Source material =
━━━
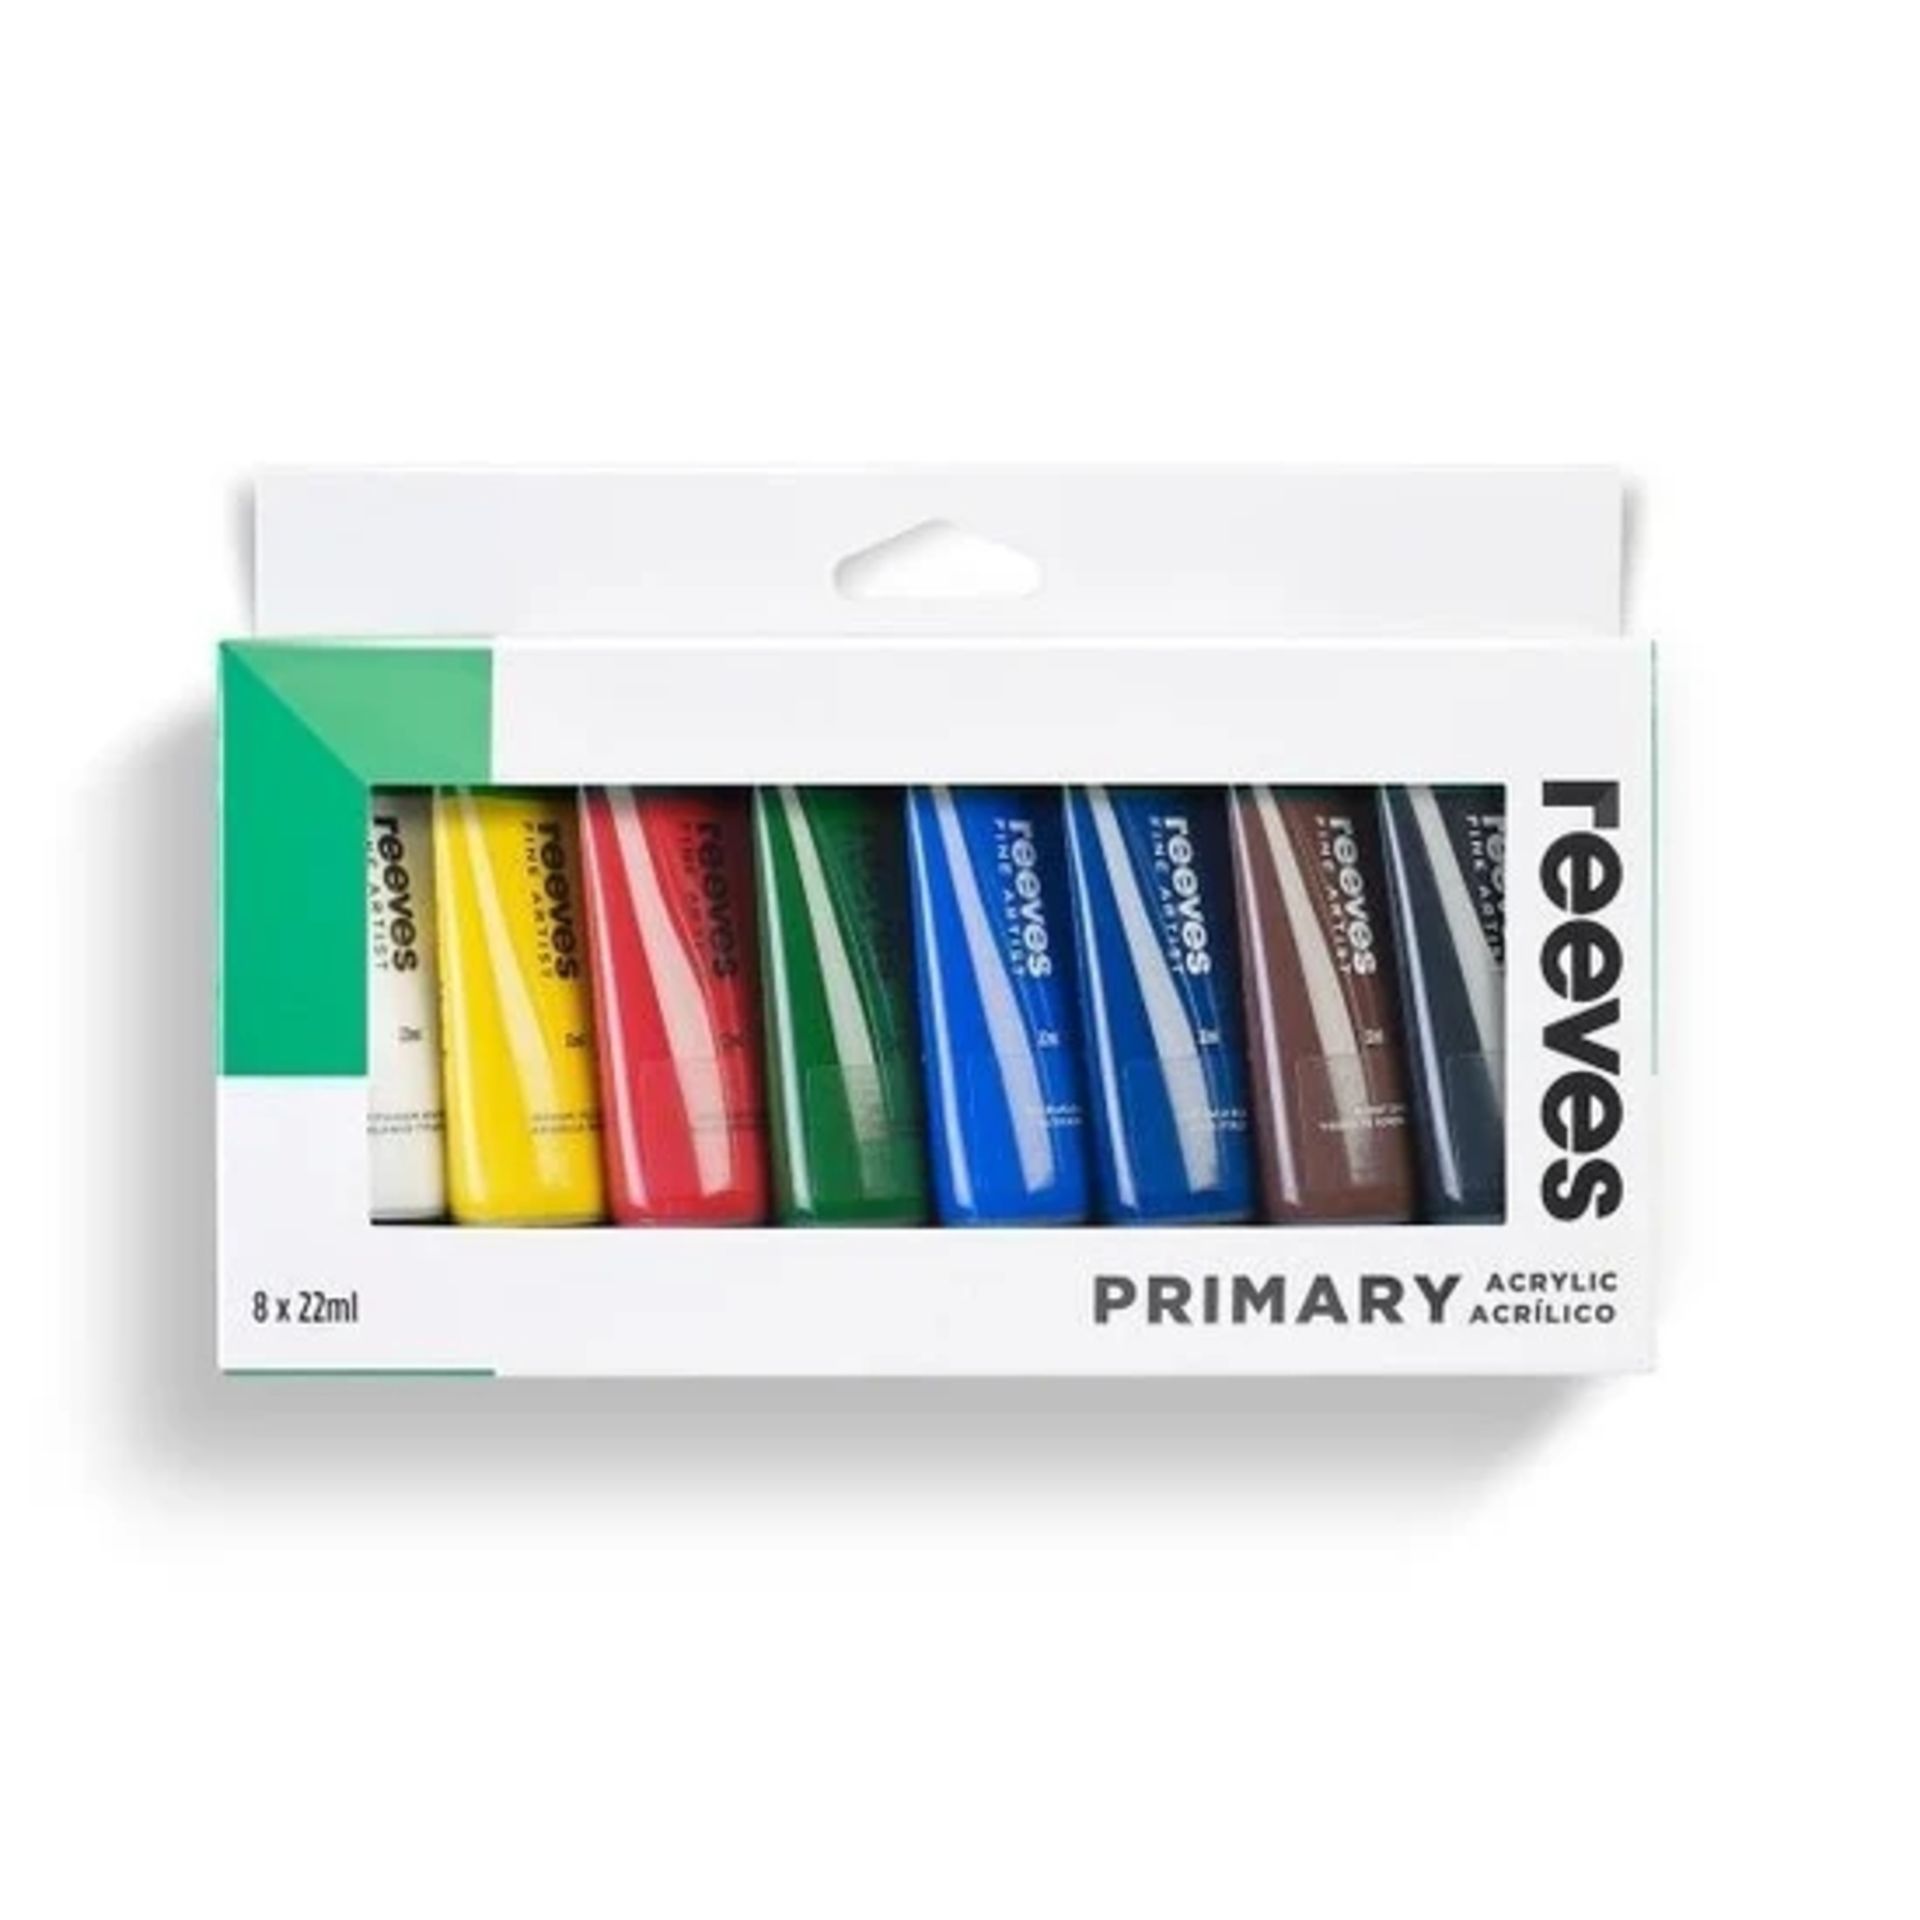 24x BRAND NEW REEVES Acrylic Primary Colour Pain Set - 8 x 22ml. RRP £12.99 EACH. (R12-10). Reeves
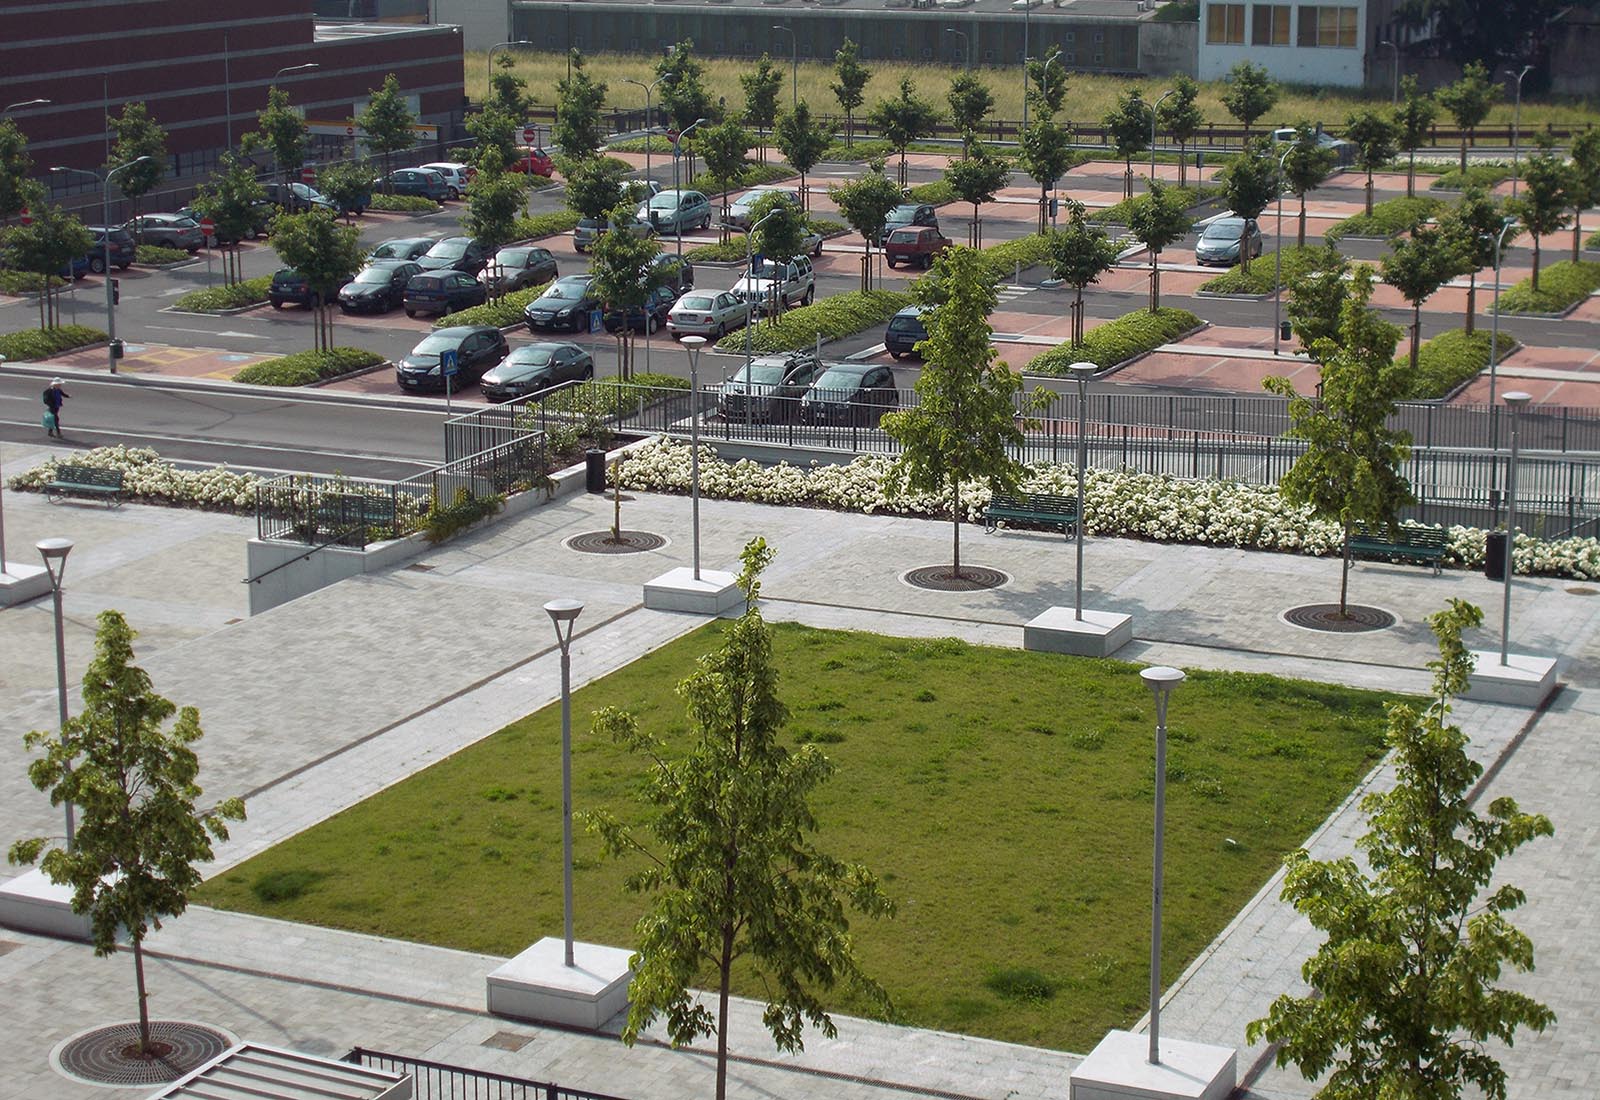 Square and parking lots in Adriano area Milan - The square and the south parking lot
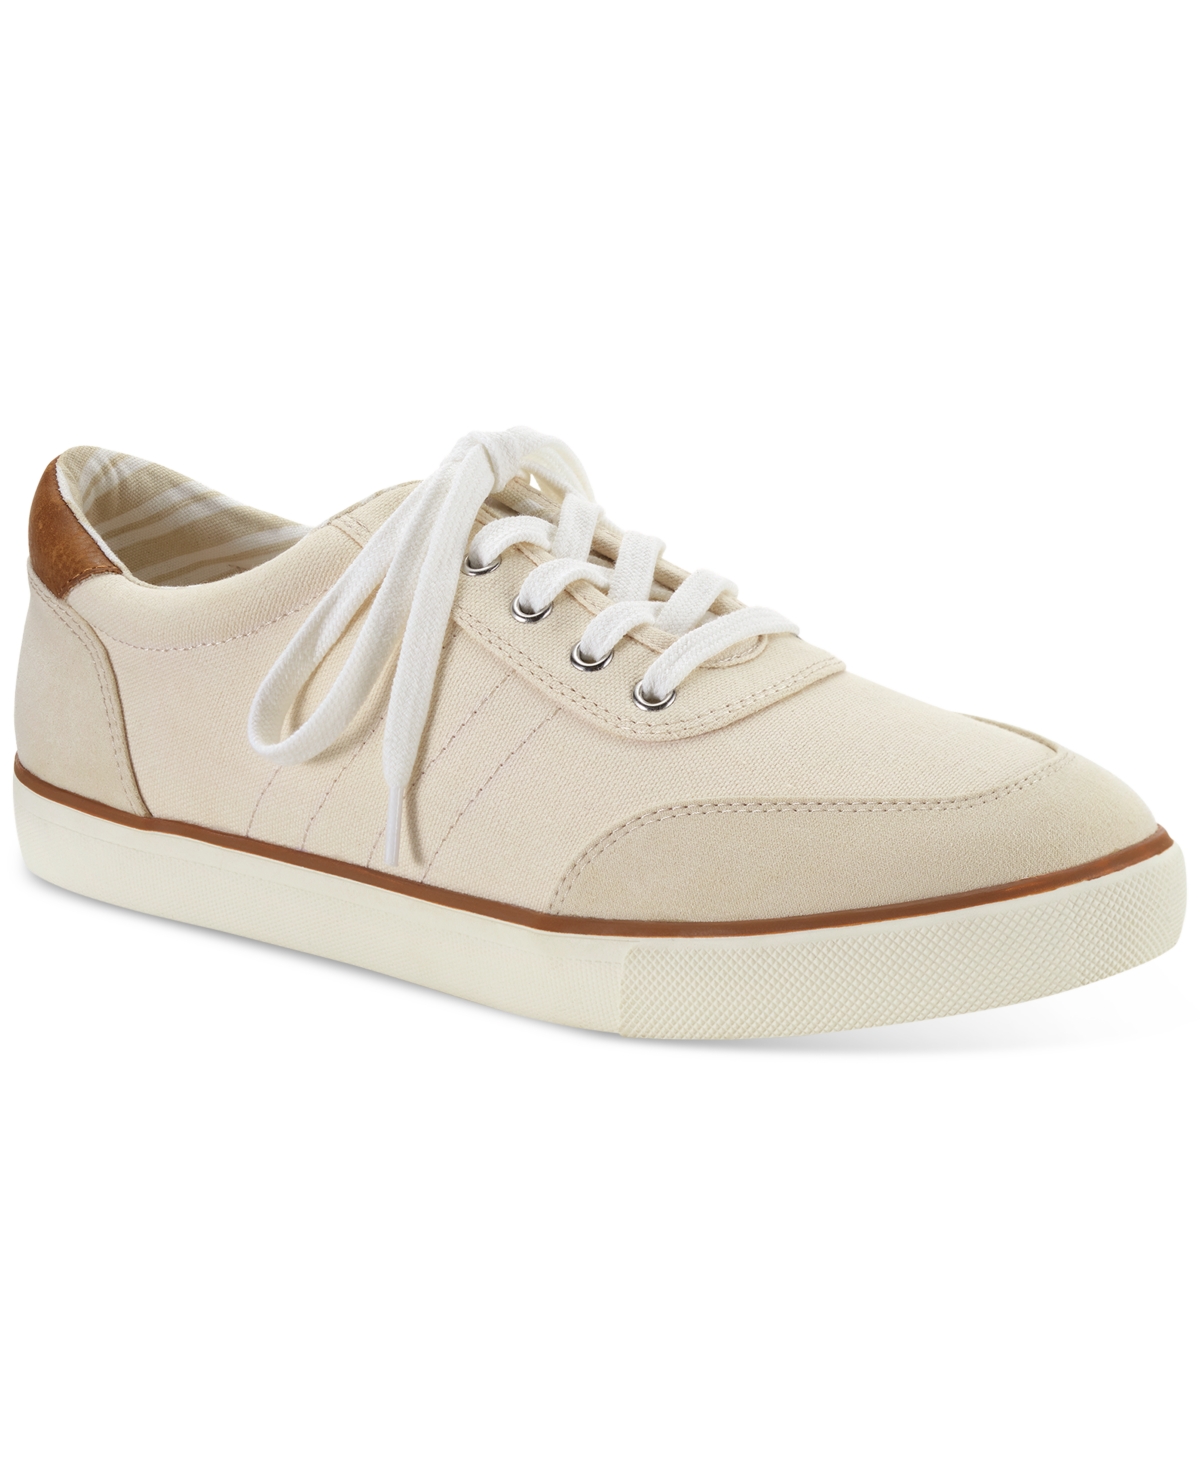 Club Room Men's Cameron Sneaker, Created For Macy's Men's Shoes In ...
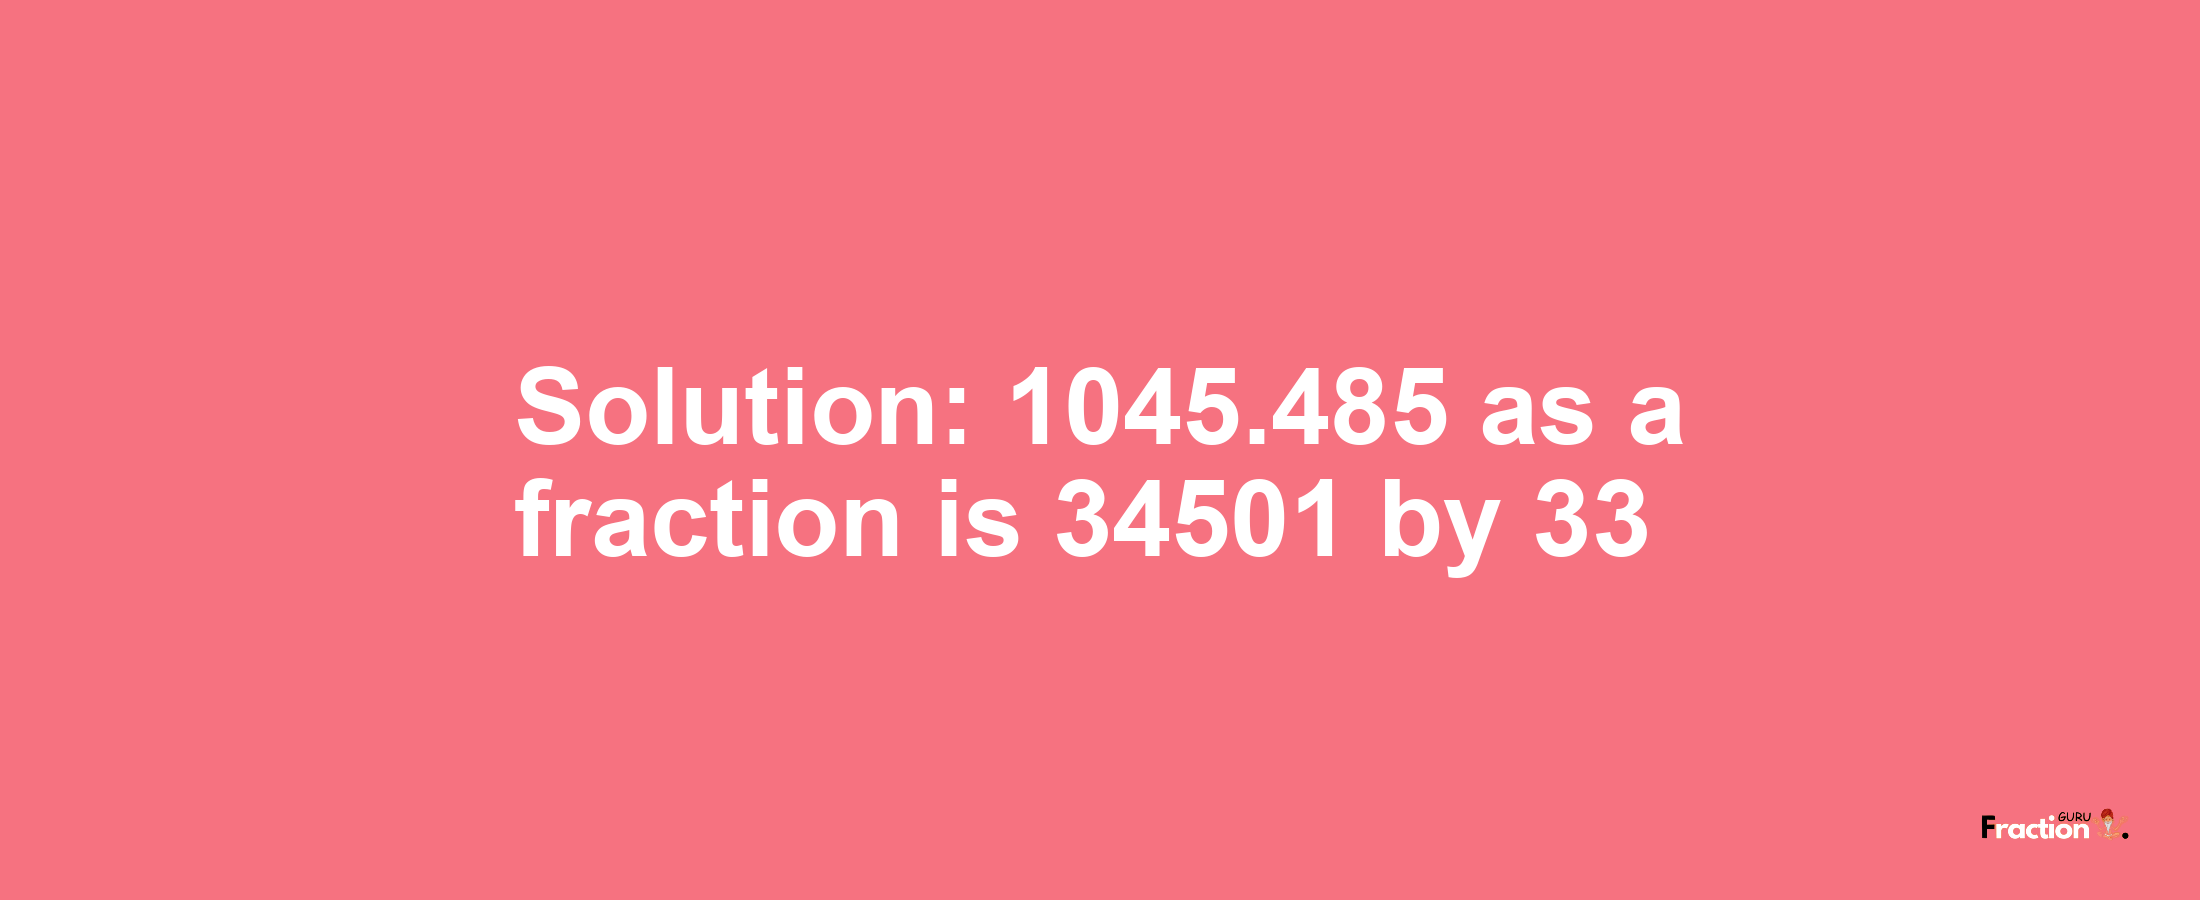 Solution:1045.485 as a fraction is 34501/33
━━━
Work to be completed = The reply should repeat the data in full, exactly as given, and contain no pictures.

Answer box =
 24x BRAND NEW REEVES Acrylic Primary Colour Pain Set - 8 x 22ml. RRP £12.99 EACH. (R12-10). Reeves
 Square and parking lots in Adriano area Milan - The square and the south parking lot
 Club Room Men's Cameron Sneaker, Created For Macy's Men's Shoes In ...
 Solution:1045.485 as a fraction is 34501/33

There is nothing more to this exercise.